Reproduce word for word every line from the one containing "กางเกงเทรนนิ่งขาสั้นผู้หญิง Nike Dri-FIT" to the final line of the data below; omit the pictures.

Dataset section:
*-*-*

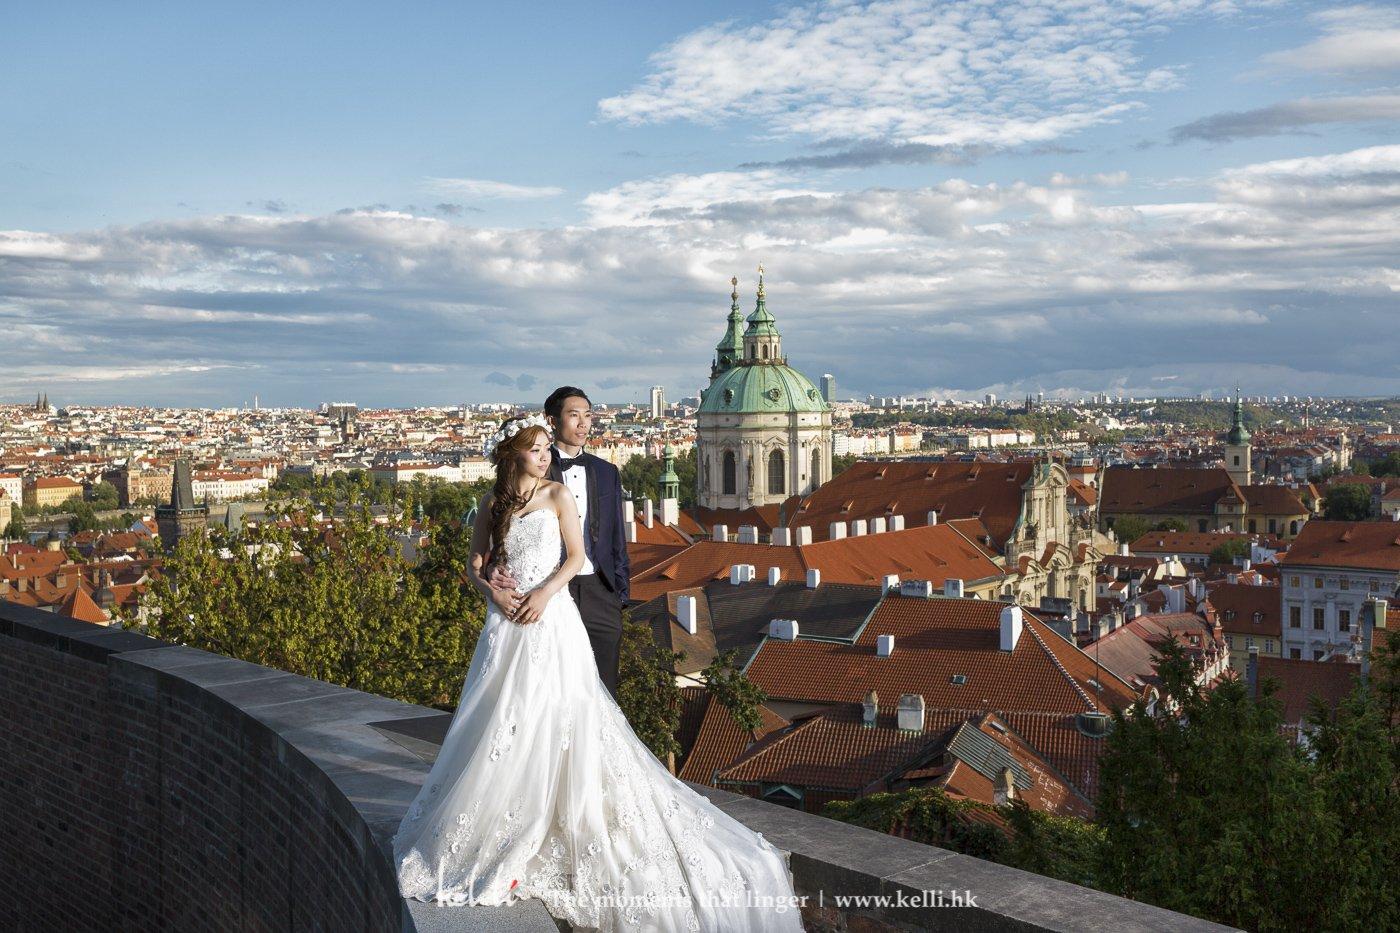 这里能饱览布拉格的红屋顶全景,但首要是新人不能畏高,哈哈
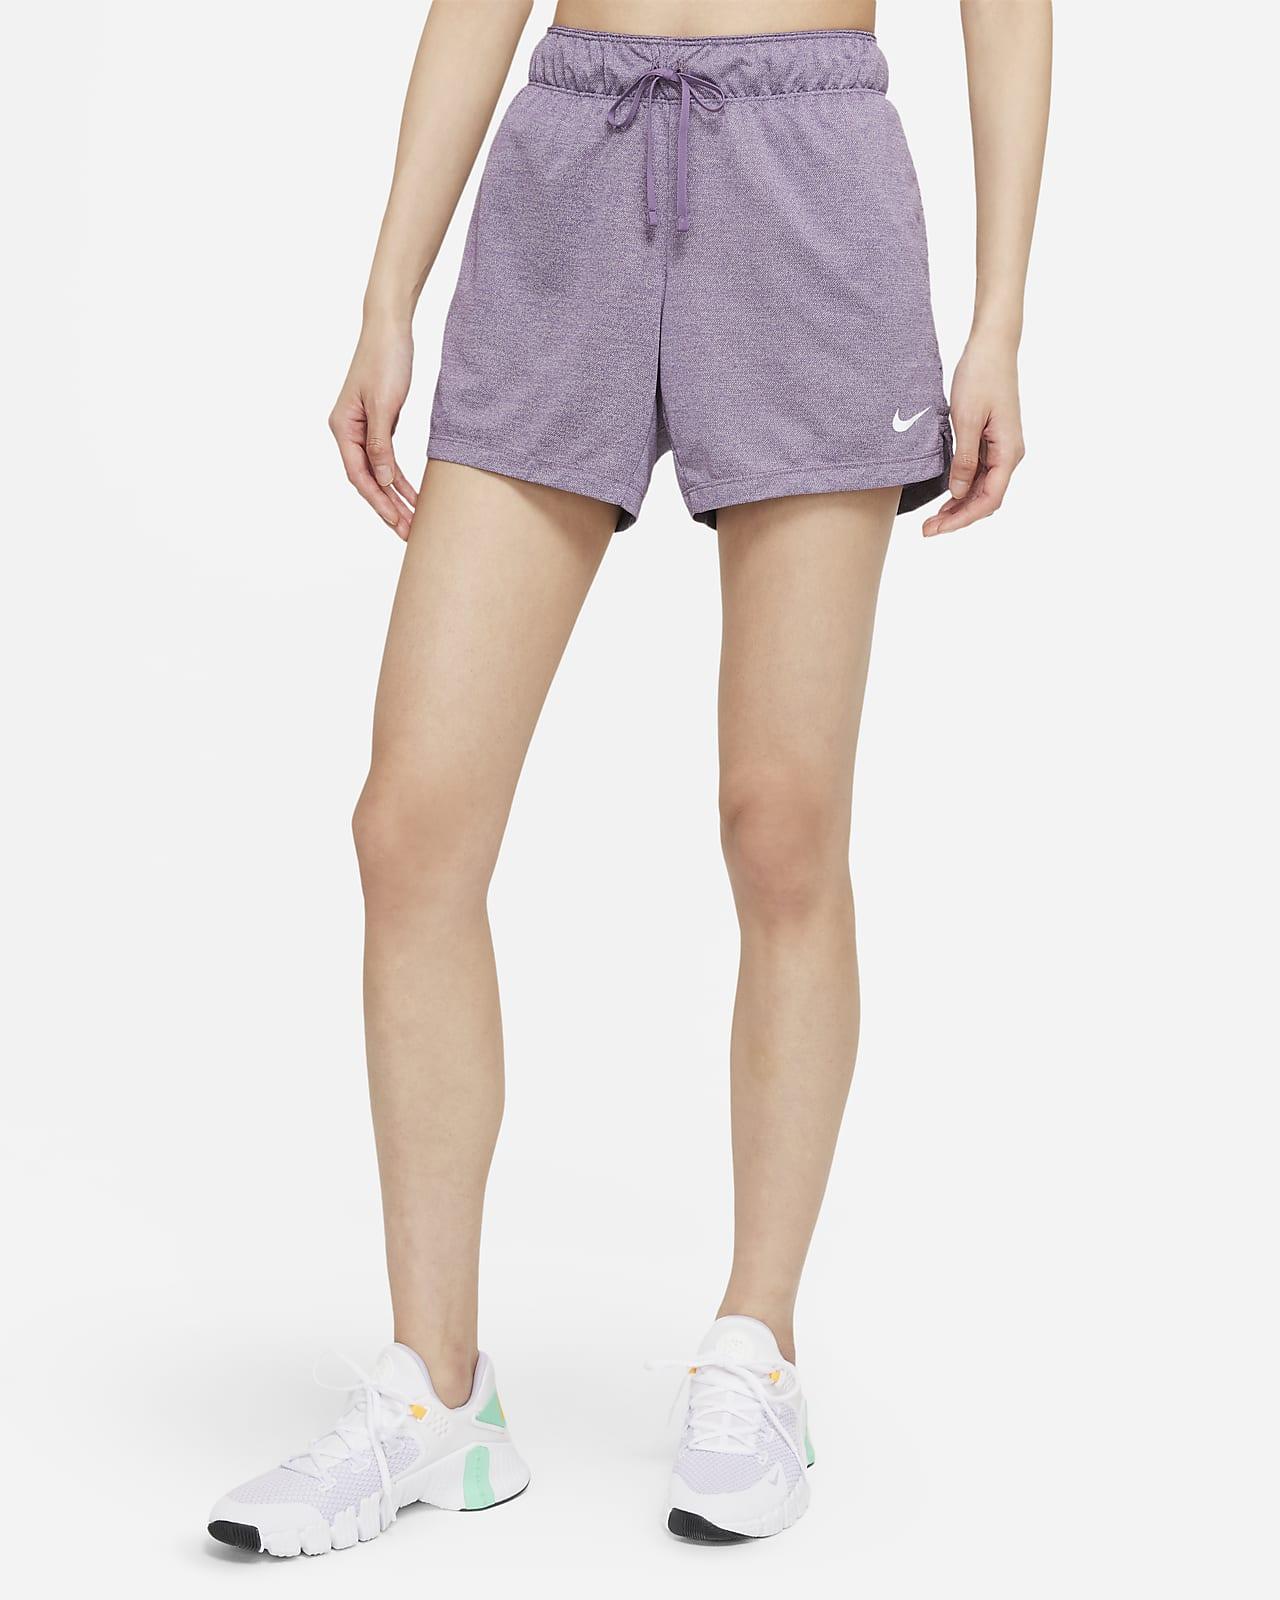 กางเกงเทรนนิ่งขาสั้นผู้หญิง Nike Dri-FIT Attack
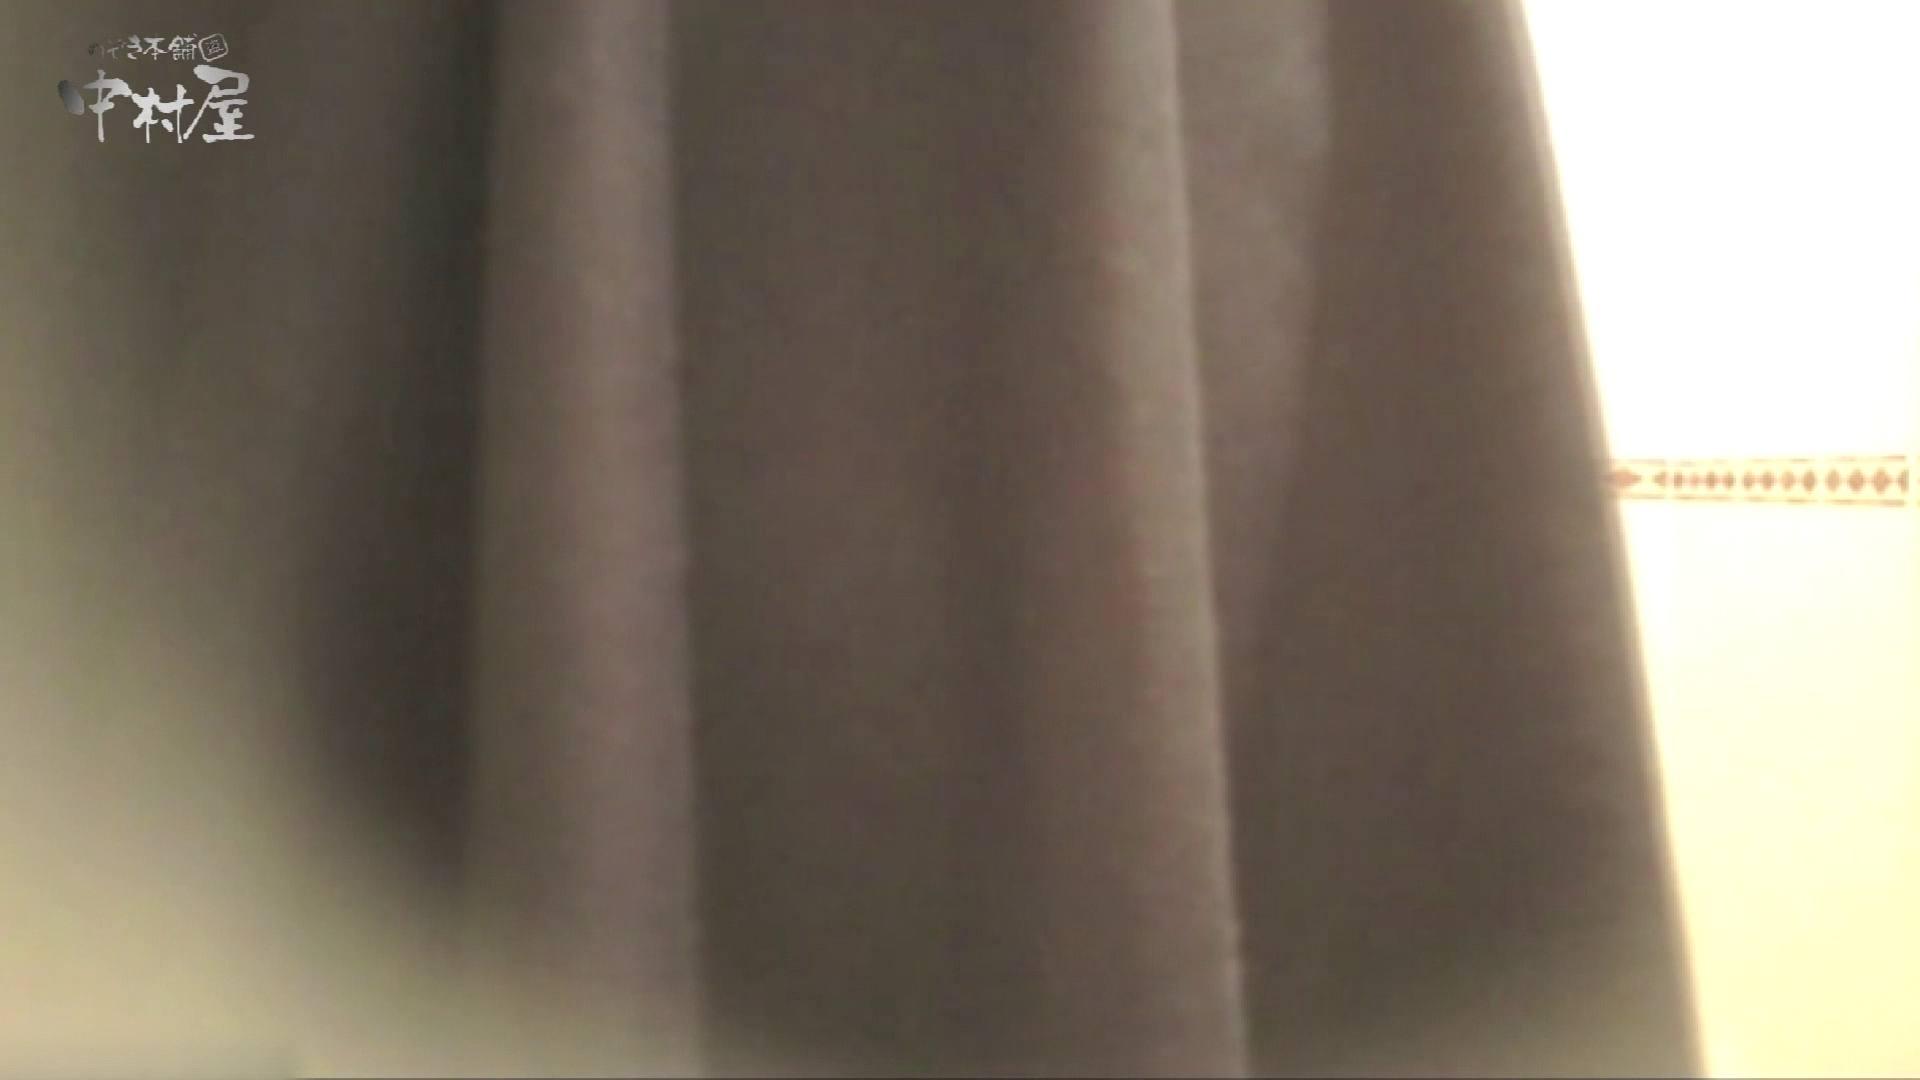 ティーンガールのトイレ覗き‼vol.16 Hな女子大生 オマンコ動画キャプチャ 99pic 88

*-*-*

Output of the task:
 กางเกงเทรนนิ่งขาสั้นผู้หญิง Nike Dri-FIT Attack
 ティーンガールのトイレ覗き‼vol.16 Hな女子大生 オマンコ動画キャプチャ 99pic 88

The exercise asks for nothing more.